異世界の住人達にモテモテ過ぎて困ります。
由希
第1話 始まりは白い部屋
気が付くと、私は真っ白な部屋の中にいた。
……は? いやいやいや訳が解らない。さっきまで私、普通に授業を受けていた筈だったんだけど。
目の前にはテーブルと、その上に置かれたスマホ。スマホは私の持ってる色じゃなく、機種もどうやら違っていた。
とりあえず、スマホの電源を入れてみる。するとテキストボックスと共に、こんな文字が表示された。
『好きな願いを送信して下さい。扉が開きます』
訳が解らない。部屋を見回せば正面に確かに、大きなお屋敷にでもあるような古めかしい大きな扉が一つ設置されていた。

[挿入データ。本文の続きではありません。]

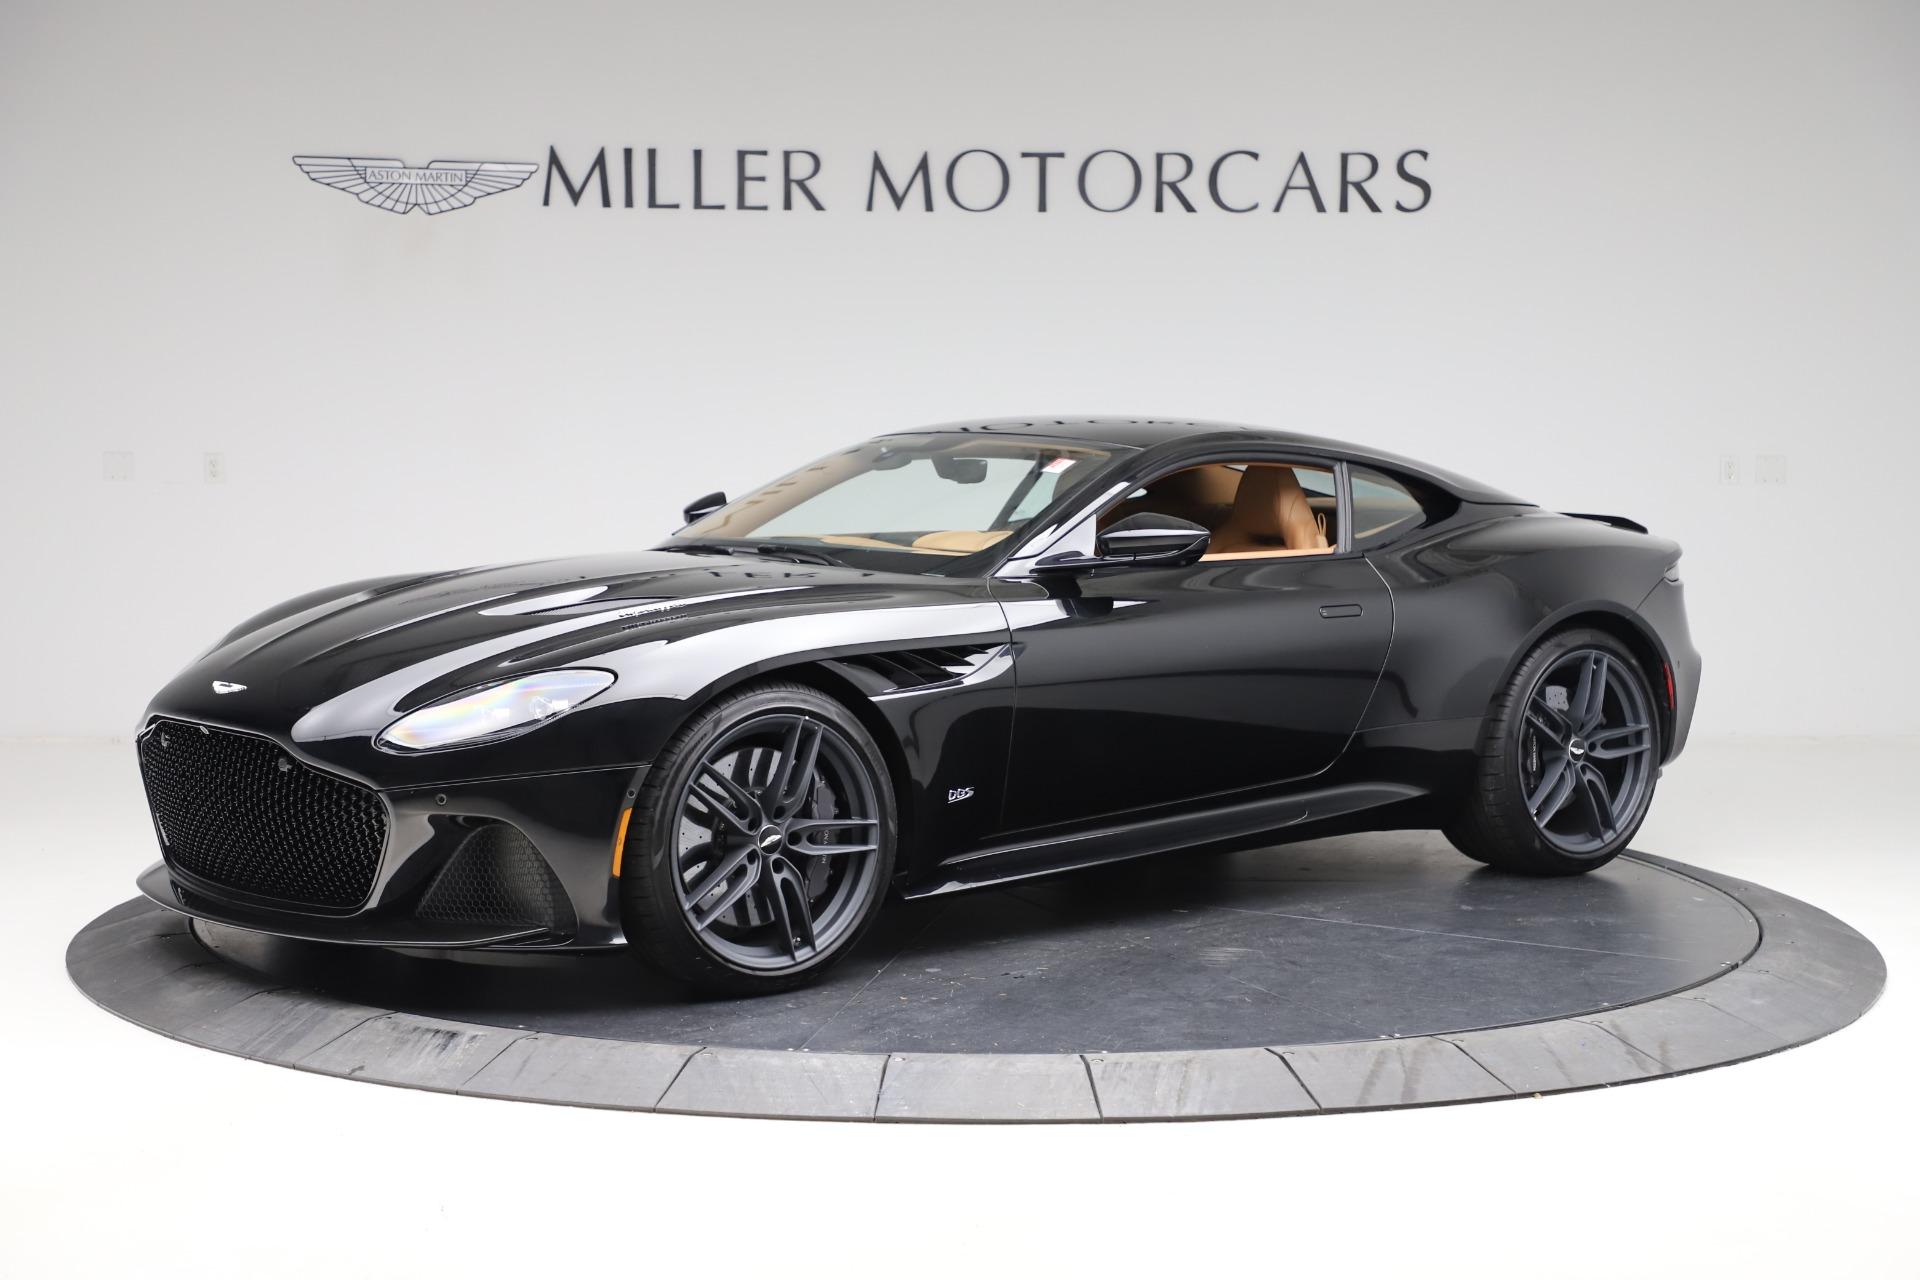 New 2019 Aston Martin DBS Superleggera Coupe for sale Sold at Alfa Romeo of Greenwich in Greenwich CT 06830 1

……待って、落ち着こう。落ち着こう、私。こういう時は、まずは持ち物の確認からよ。
私の持ち物。着ている高校の制服。胸ポケットにリップとミラー、スカートのポケットにハンカチとティッシュ。以上。
……うん、役に立ちそうなものが一つもない! 授業中はスマホはバッグに入れてるから……まずったわ……。
じゃあ、このスマホで一一〇番出来ないかと弄ってみるけど……駄目だ。何やっても画面が変わらない。
となれば。後は……これしかないよね?
「……よし」
私は、扉の数歩手前に移動した。そして……ダッシュして思いっきり体当たり!
それを何度も繰り返す! 扉は……うん! 微動だにしない!
……駄目だ。万策尽きたわ。これ。私はその場にへたり込んだ。
そもそも本当に、何でこんな事になったの? 私は本当にただ、普通に授業を受けていただけだったのに。
夢なら早く覚めて欲しい。当たり前の日常に戻りたい。
「……」
チラリと、テーブルの上に置かれたままのスマホに目を遣る。メチャクチャ怪しいけど……あのスマホを用意した誰かの言う通りにしないといけないって事かな。
今の願いと言えば、ここから出たい以外にない。けど……。
「好きな願い……か」
立ち上がり、テーブルに戻ってスマホを手に取る。そして少し考えてから、こう入力した。
『どんな動物にも好かれるようになりたい』
そう。私こと
昔から身長が高くて威圧感を与えやすいせいか、それともこのあまり良くない目付きが悪いのか……。とにかく生まれてこのかた、動物というものに好かれた試しが一度もない。
けど! それでも私は動物が大好きなの! 一度でいいから動物にモテまくってみたいの!
抱っこしてスリスリしたい! 肉球を思う存分プニプニしたい! フカフカのお腹に顔をうずめたい~~!!
……ハッ。いけない、ちょっと興奮し過ぎた。
とにかく。ここは「ここから出たい」って入力するのが最適解なのかもしれないけどいいじゃない、自分に正直になってみたって!
という訳で送信。さて、どうなるか……。
「!!」
何かが軋む音に私は顔を上げる。すると、どれだけ体当たりしてもびくともしなかった扉が、自動的にゆっくりと開いていくのが見えた。
やっぱり願いは何でも良かったらしい。そして、目の前に広がった景色は――。
見渡す限り、一面の深い森だった。
……はい? この狭い部屋の外が、いきなり屋外? しかも森?
ちょっと待って、立地どうなってるのこれ。おかしくない? これおかしくない?
「……とはいえ、ずっとここに閉じ籠ってても何にもならないよね……」
躊躇いはあるけど、この部屋にずっといるのと外に出るの、どっちがマシかって言われたらやっぱり外だと思う。この部屋食べ物一つないし。
意を決して、扉の外に出る。その直後、扉と部屋はスウ、とその場から消えてしまった。
「……もう……何なのよ、これ……」
訳の解らない事の連続に最早考える事を放棄した私は、一つ溜息を吐くと森の中を当てもなく歩き出した。せめて誰か、人に会えるといいけど……。